Personal information
- Full name: Darryl J. Poole
- Born: 1 April 1972 (age 54)
- Original team: Port Adelaide (SANFL)
- Height: 195 cm (6 ft 5 in)
- Weight: 107 kg (236 lb)
- Position: Ruckman

Playing career^{1}
- Years: Club / Games (Goals)
- 1997–1999: Port Adelaide (AFL) / 24 (11)
- 1991–2003: Port Adelaide (SANFL) / 86 (29)
- ^{1} Playing statistics correct to the end of 2003.

= Darryl Poole =

Australian rules footballer

Darryl Poole (born 1 April 1972) is a former Australian rules footballer who played for Port Adelaide in the Australian Football League (AFL).

Poole, a ruckman who was also used as a tall forward, started his career in the South Australian National Football League (SANFL) at Port Adelaide where suspension cost him a place in the 1996 premiership side.
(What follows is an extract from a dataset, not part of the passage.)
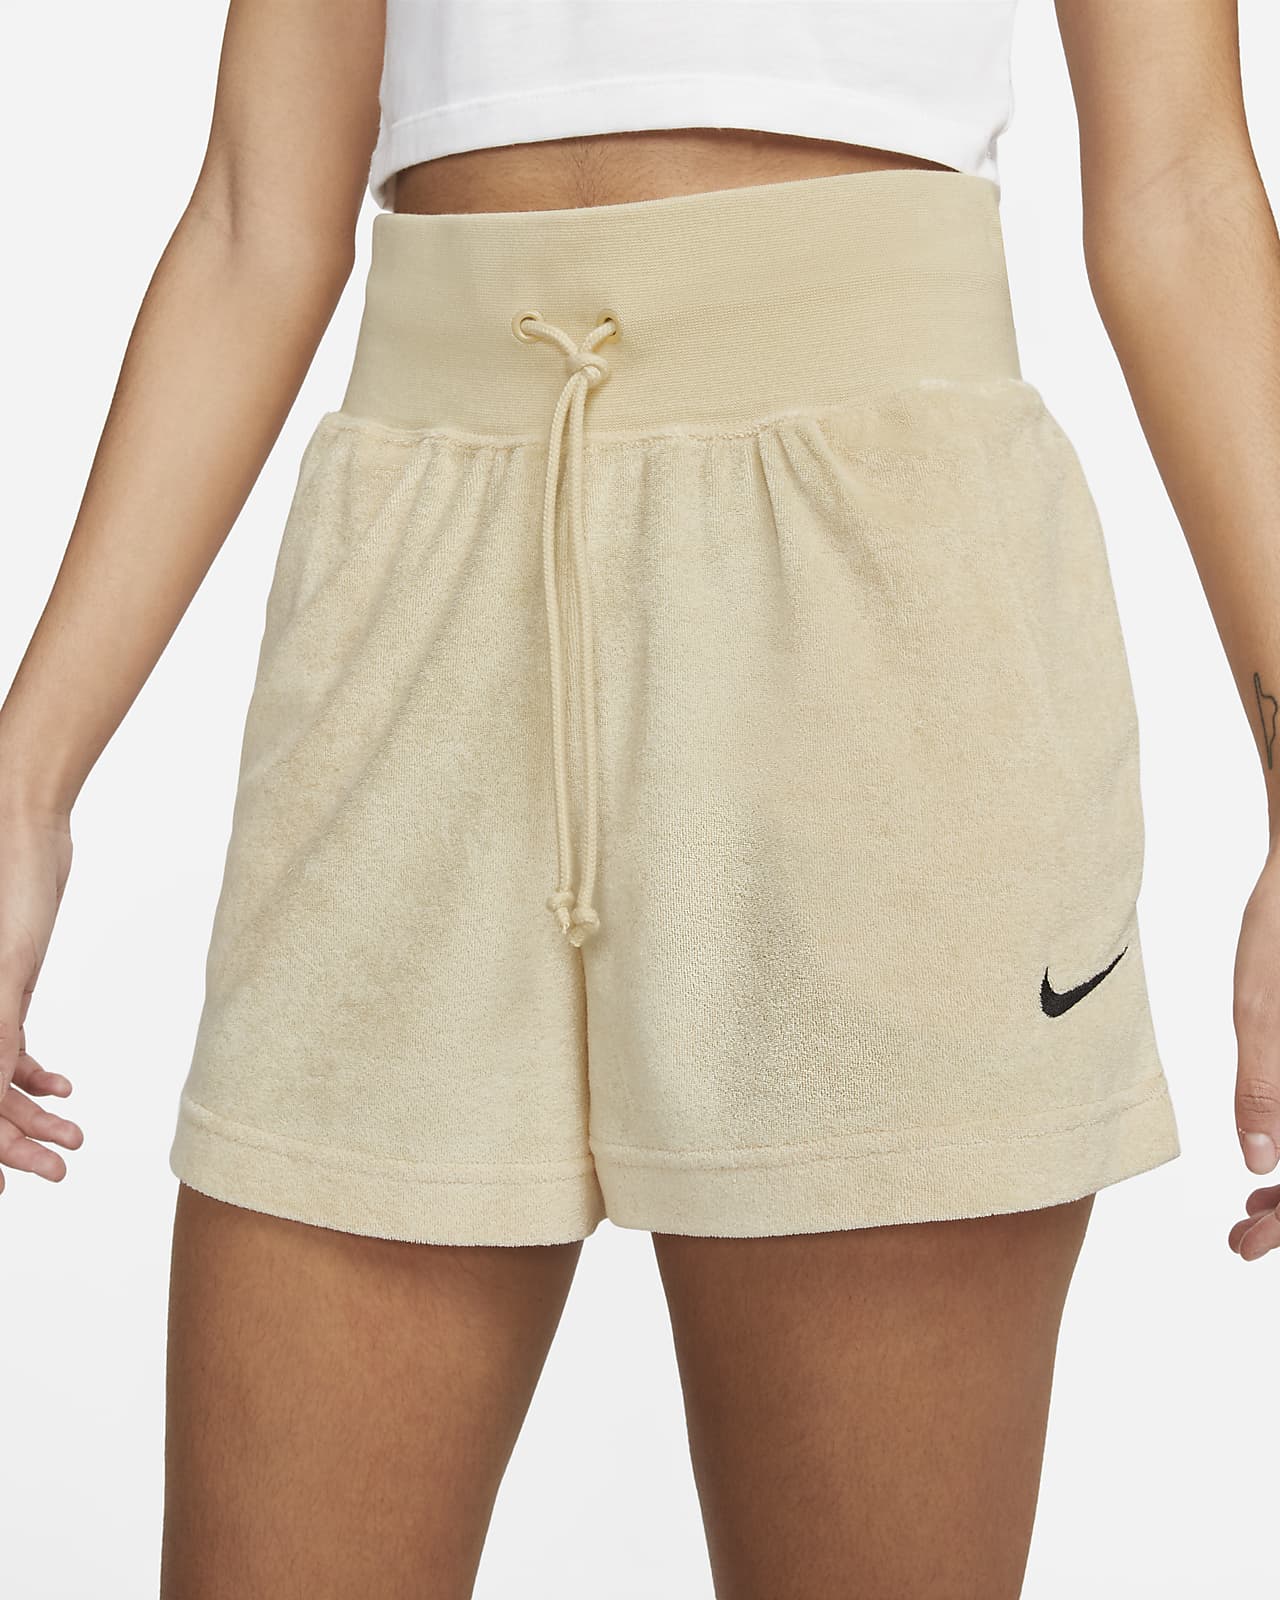 Appal Persona schrijven Nike Sportswear badstofshorts voor dames. Nike NL

He was a member of the inaugural Port Adelaide squad which entered the AFL in 1997 and he took part in their opening round loss to Collingwood at the Melbourne Cricket Ground, contributing two goals. Poole's AFL career was hampered by a groin injury and he spent most of 1999 in the SANFL where he claimed Port's 'Best and Fairest' and won the Jack Oatey Medal for his performance in the Grand Final win that year.

Poole was delisted from the Power at the end of the year but continued playing with the Port Adelaide Magpies, as captain from 2000 to 2003.